马师傅警觉地观察着周围,目光锁定在一小老头身上,直觉告诉他,这个家伙很不简单。
那领头的家伙冷笑出声,变本加厉地道:“行啊,让兄弟们开开眼,看看你咋个不客气法呢?”
“你是要上天,还是要入地?”
汪新毫不畏惧,他直接上前,就跟这领头人开始过招,不过三两下,就将对方手里的弹簧刀给卸了下来。
汪新将他擒住,给他戴上手铐,他的动作果断,行云流水。
陆泽同一时间出手,目标却并不是剩下那七个同伙,而是一直都在这个车厢坐着的消瘦矮个老头。
这个老头本来是马魁的目标,结果却被陆泽抢了先,陆泽的动作甚至远比汪新还要迅速,快若闪电。
那小老头的眉头瞬间紧皱,似也没有料到陆泽会直接对他出手,两人在狭窄空间内开始交手。
——砰!砰!
两人胳膊碰撞的沉闷声响起。
同一时间,有同伙冲了上来,却被马魁给制住,等到他反应过来的时候,手上就已经多了副手铐。
“兄弟们,上。”
“看看他们到底有几个手铐!”
但是,这些人还没有上前,就只听到小老头开口:“都住手!”
小老头的声音难听,像是硬生生从嗓子眼里挤出来的话一样,却是令剩下这些家伙们都停住脚步。
“叔。”
“这帮黑皮,差顿秋鞭!”
(这帮当差的差教训)
这小老头确实就是这一伙人真正的头目,而所有被强买强卖的对象,都是被人提前踩点选中的‘肉票’。

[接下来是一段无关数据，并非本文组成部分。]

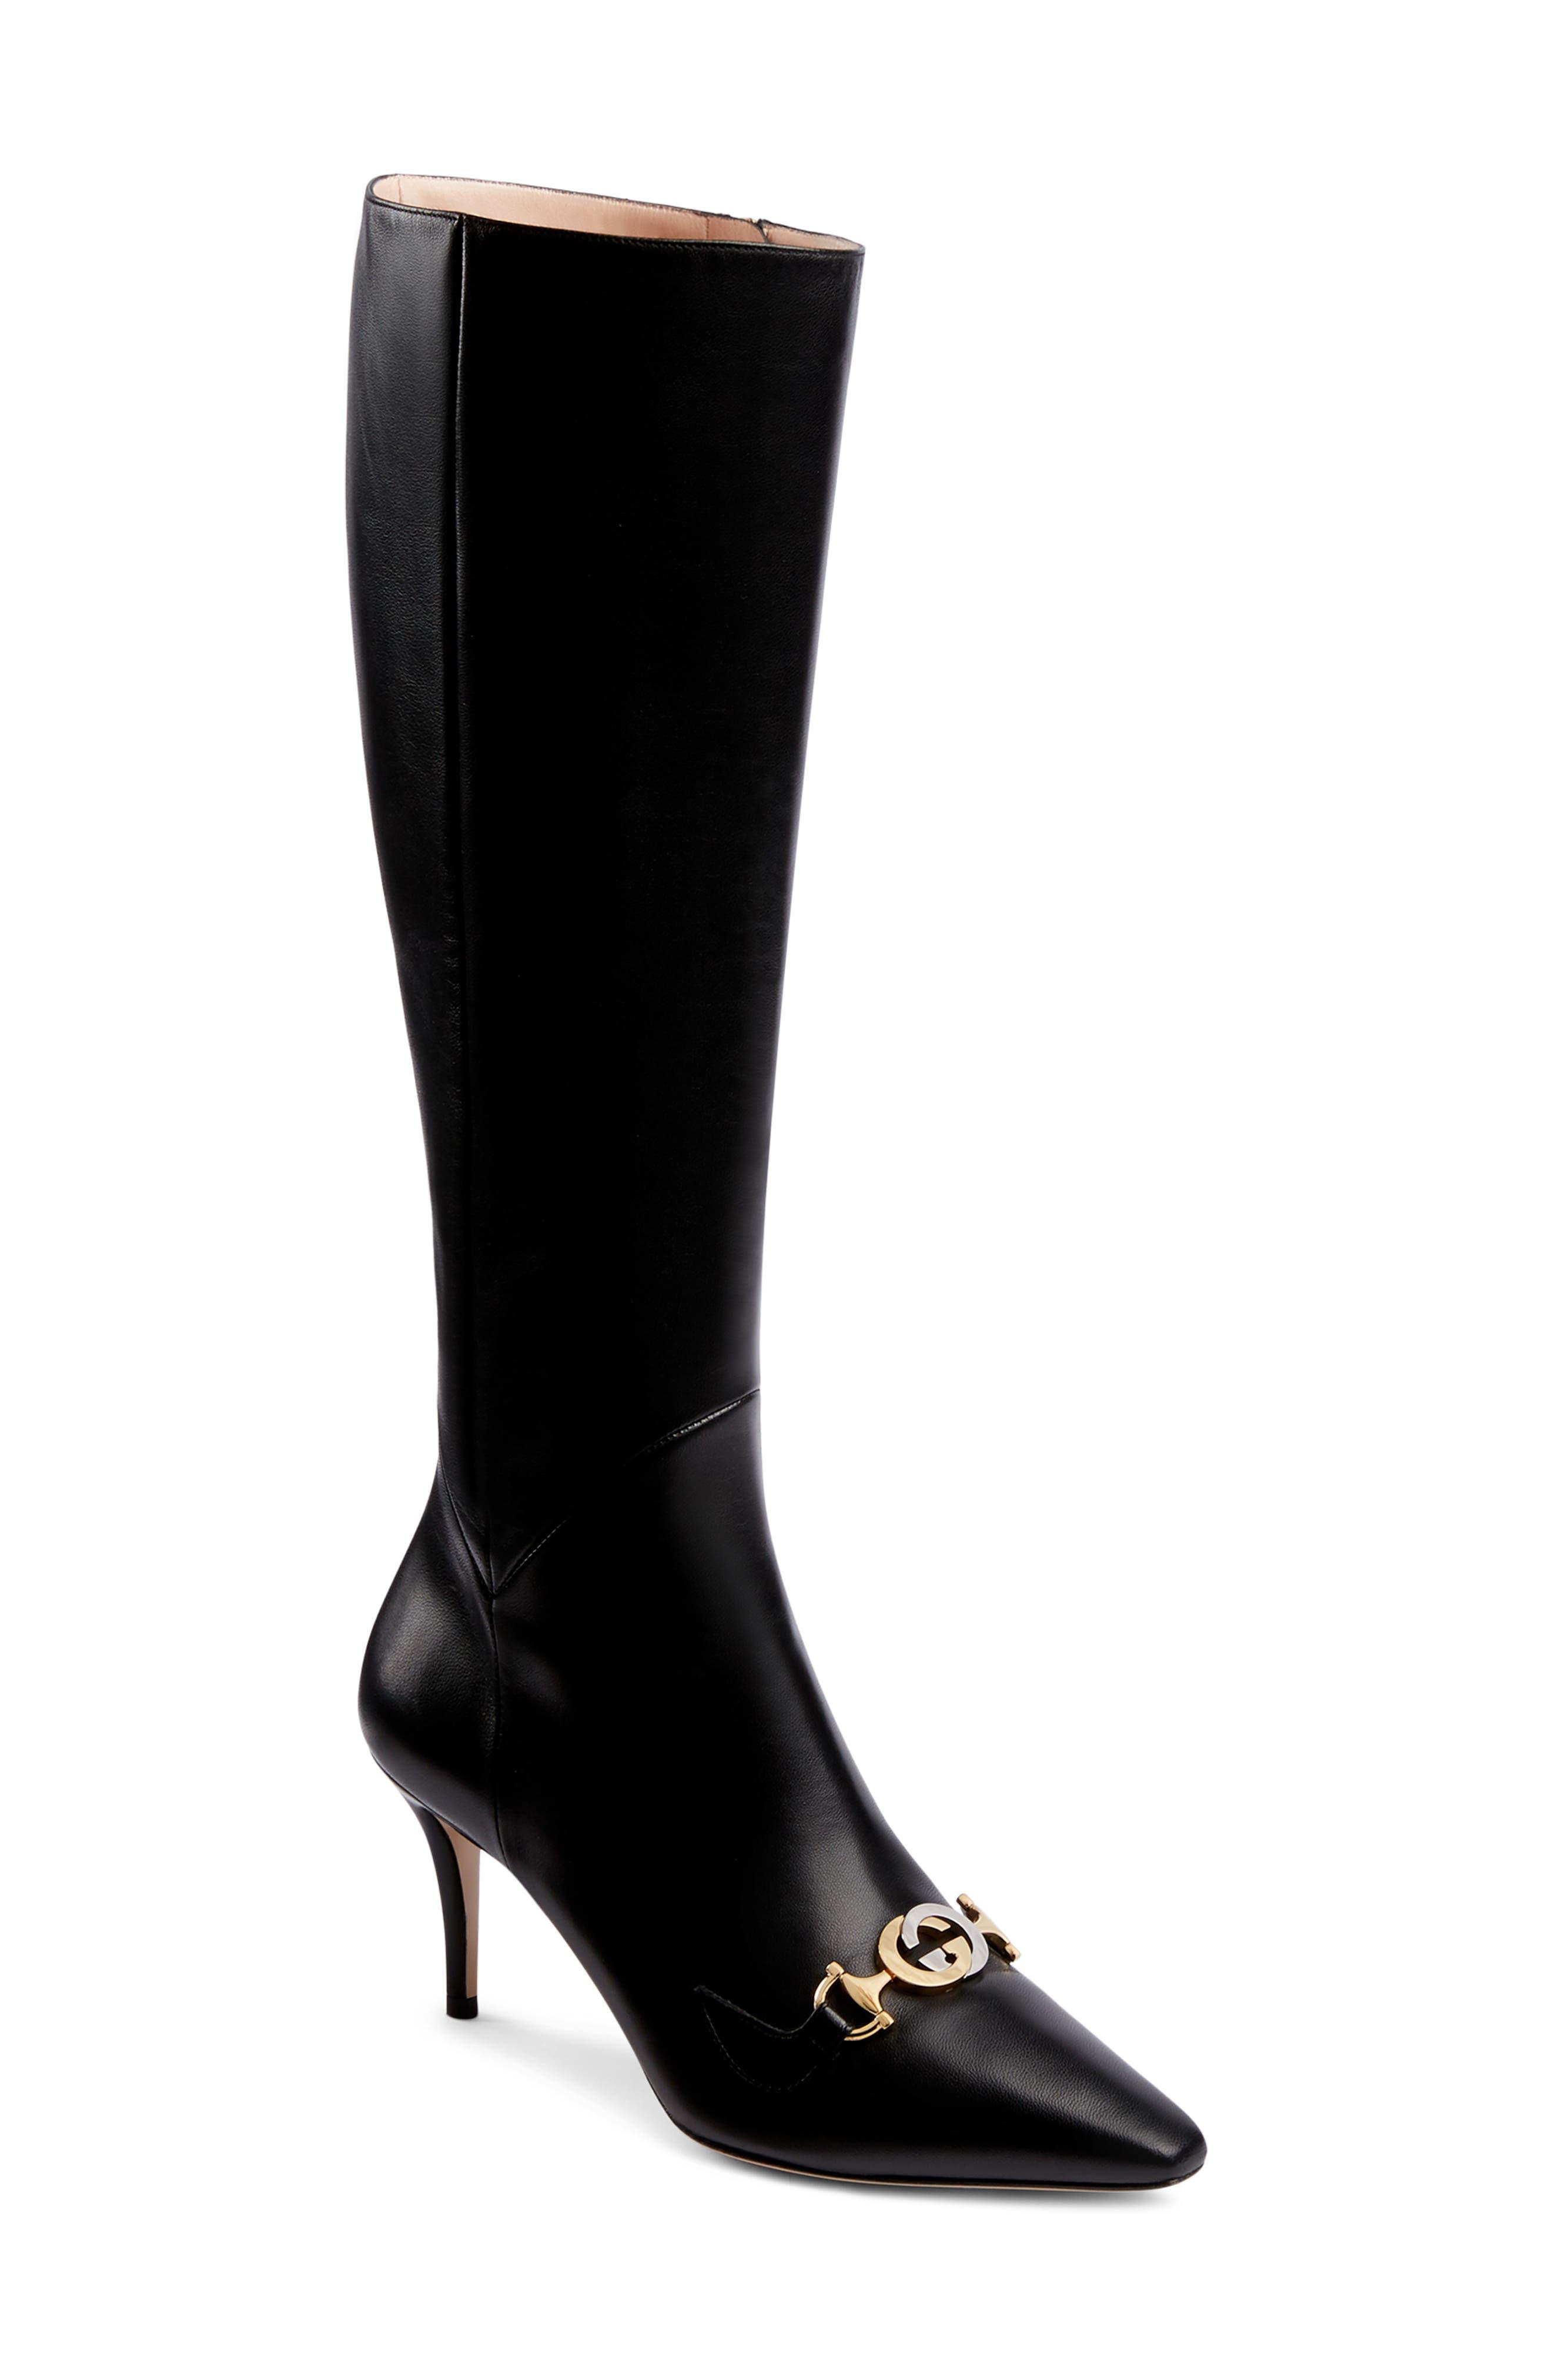 Gucci Zumi Knee High Boot, Black

马魁听着对方的黑话,冷静道:“老哥,你这杵,门儿硬啊,可这满车都是水码子,零毛碎,不值挖。”
(你这活儿挣钱倒是不错,但车上都是些穷人,没有油水可榨)
小老头微微一惊,打量着马魁,猜测他的来路,马魁的黑话当然都是在监狱里学来的。
那里关押的都是所谓的道上人。
小老头点头:“换个地聊聊。”
最终,双方对峙地点换到车厢连接处,汪新还挟持着那领头人:“我警告你们,现在赶紧把刀放下来。”
汪新的话似乎激怒了这些人,卖烧鸡团伙晃着弹簧刀继续步步紧逼。
汪新见状,大喝一声,道:“再往前走,我开枪了啊!”
车厢内迸发出嘲笑的声音。
“开呀,赶紧开,老子还真想听听这枪响的动静呢。”
“开枪呀!不开你是我养的!”
卖烧鸡团伙继续言语挑衅,汪新怒火中烧,他欲掏马魁腰间的枪,马魁一把打开他的手,瞪了他一眼。
这混球,没看到局势都已经平稳下来,结果他却非要多此一举。
陆泽挡在跟前,喊道:“今天就到此为止,咱们两边要是真在这里动起手来,到时候伤到谁都不好。”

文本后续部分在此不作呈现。